* Supplied material:
+-------+

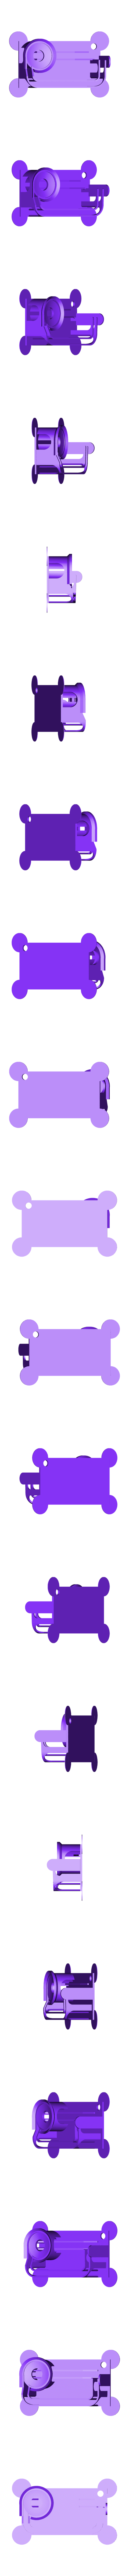 "Track_Bowl_1.stl Download free STL file Marblevator ""Mini"", Bowl Edition • 3D printer object, gzumwalt"
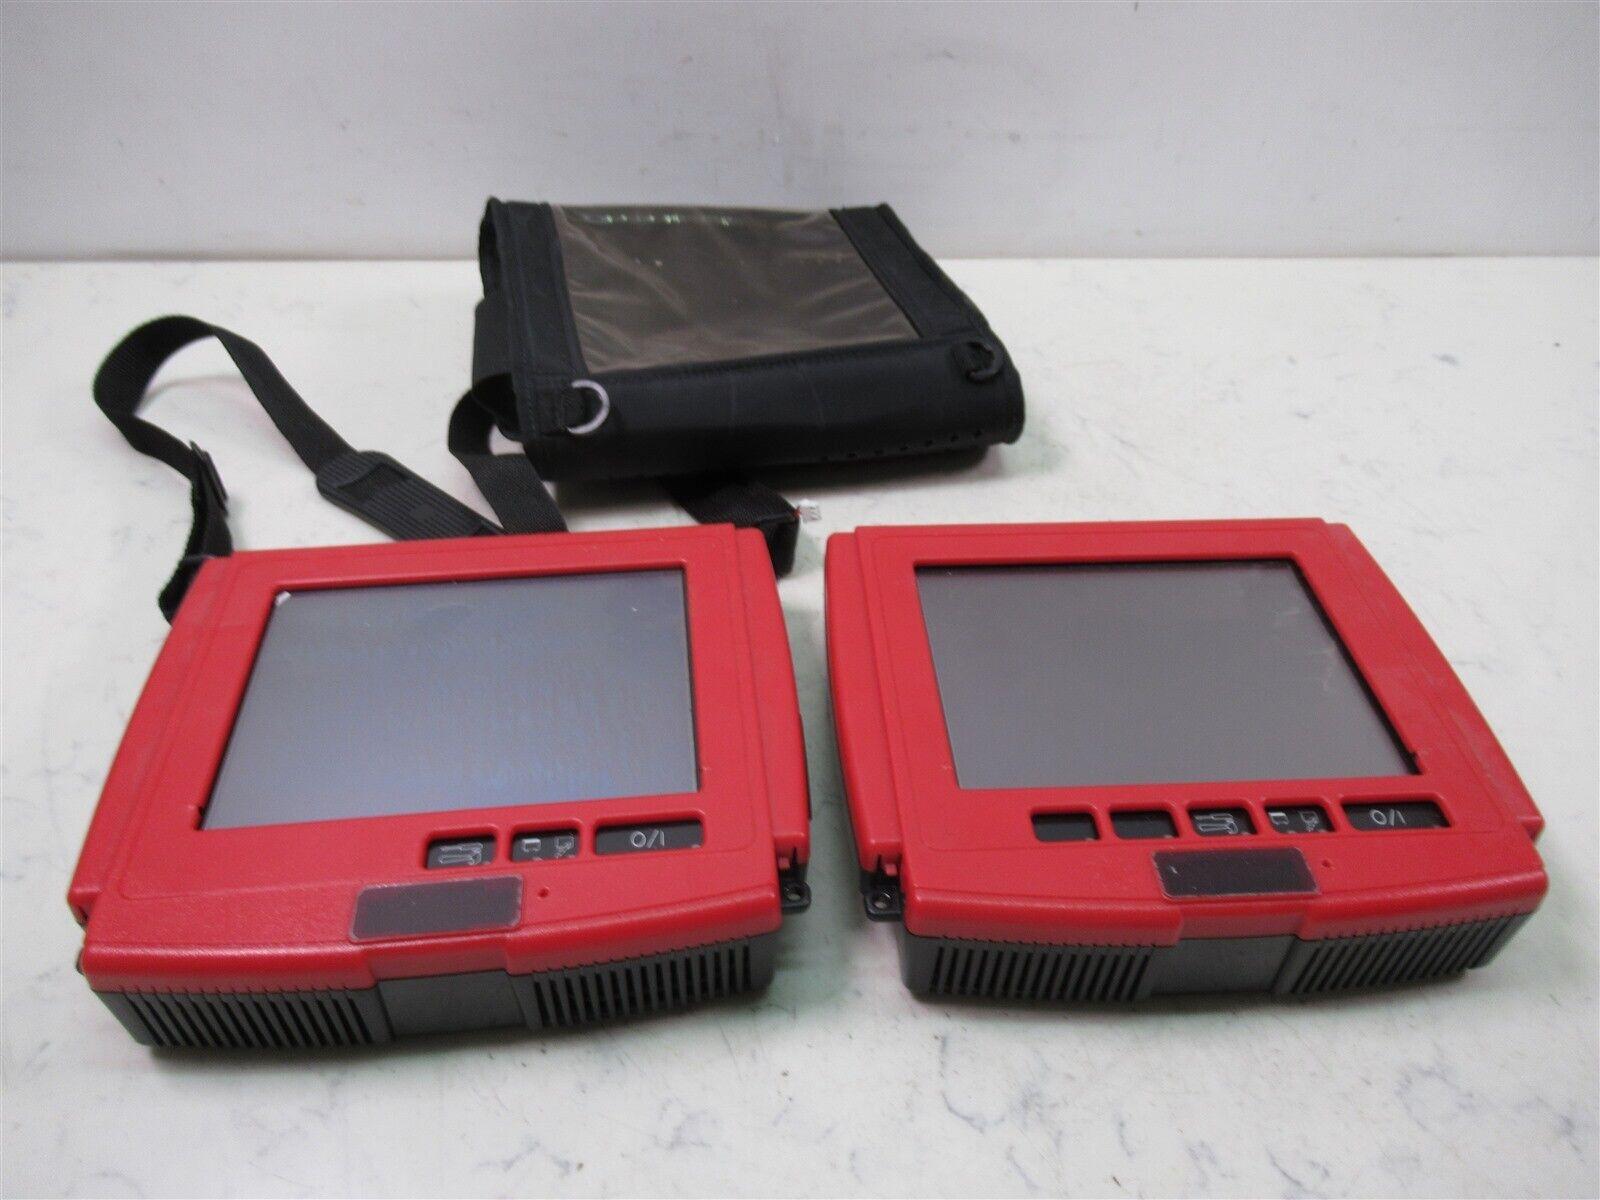 Lot of 2 Prentke Remich SB2 Spring Board Speech Communication Devices
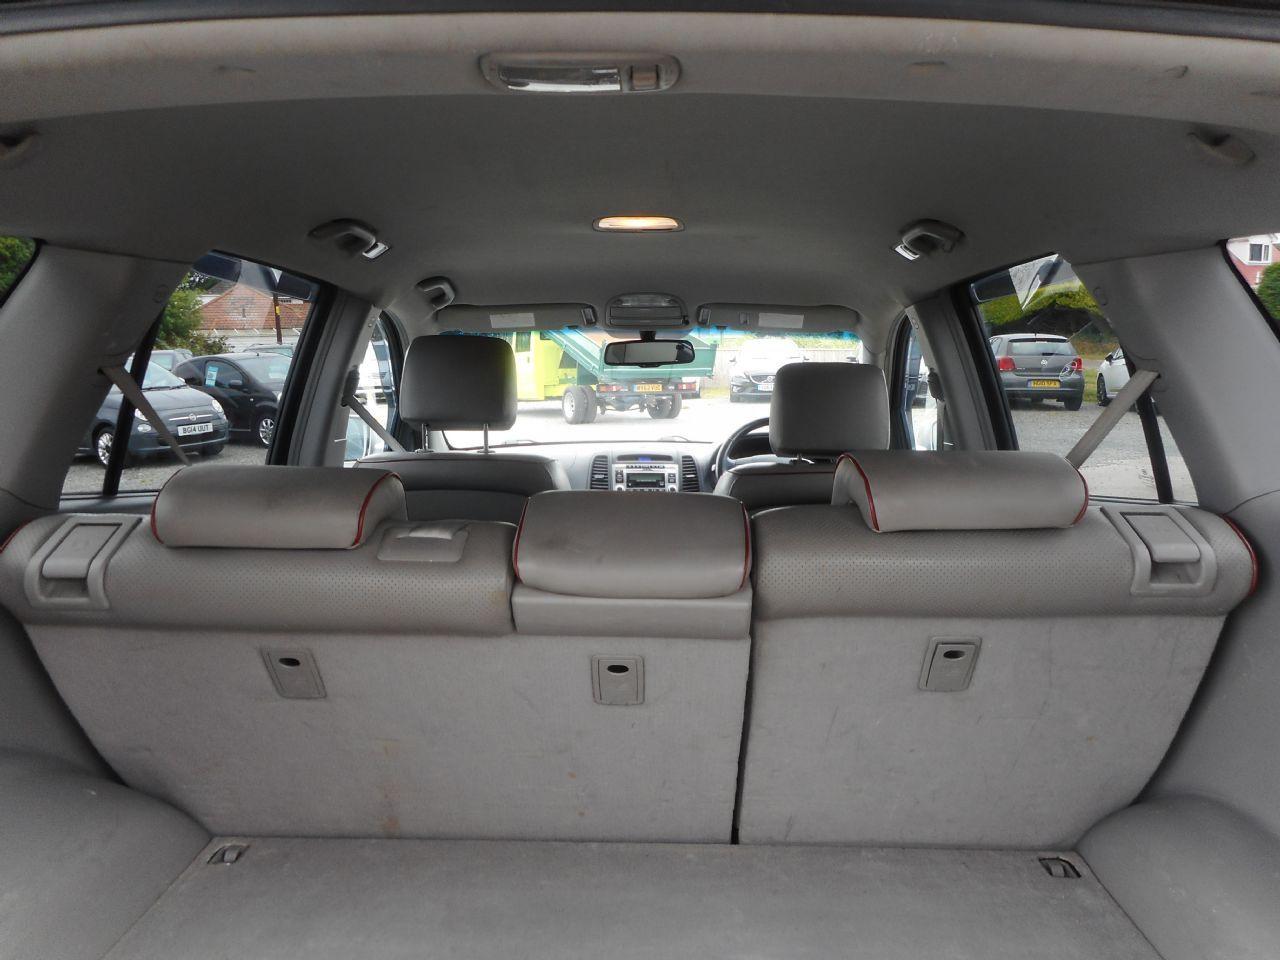 HYUNDAI Santa Fe 2.2 CRTD CDX 5 Seat EU4 (2008) - Picture 16

+-------+

* Goal of the exercise:
Every line of the material must be reproduced verbatim; the pictures are to be omitted.

* Task response:
 "Track_Bowl_1.stl Download free STL file Marblevator ""Mini"", Bowl Edition • 3D printer object, gzumwalt"
 Lot of 2 Prentke Remich SB2 Spring Board Speech Communication Devices
 HYUNDAI Santa Fe 2.2 CRTD CDX 5 Seat EU4 (2008) - Picture 16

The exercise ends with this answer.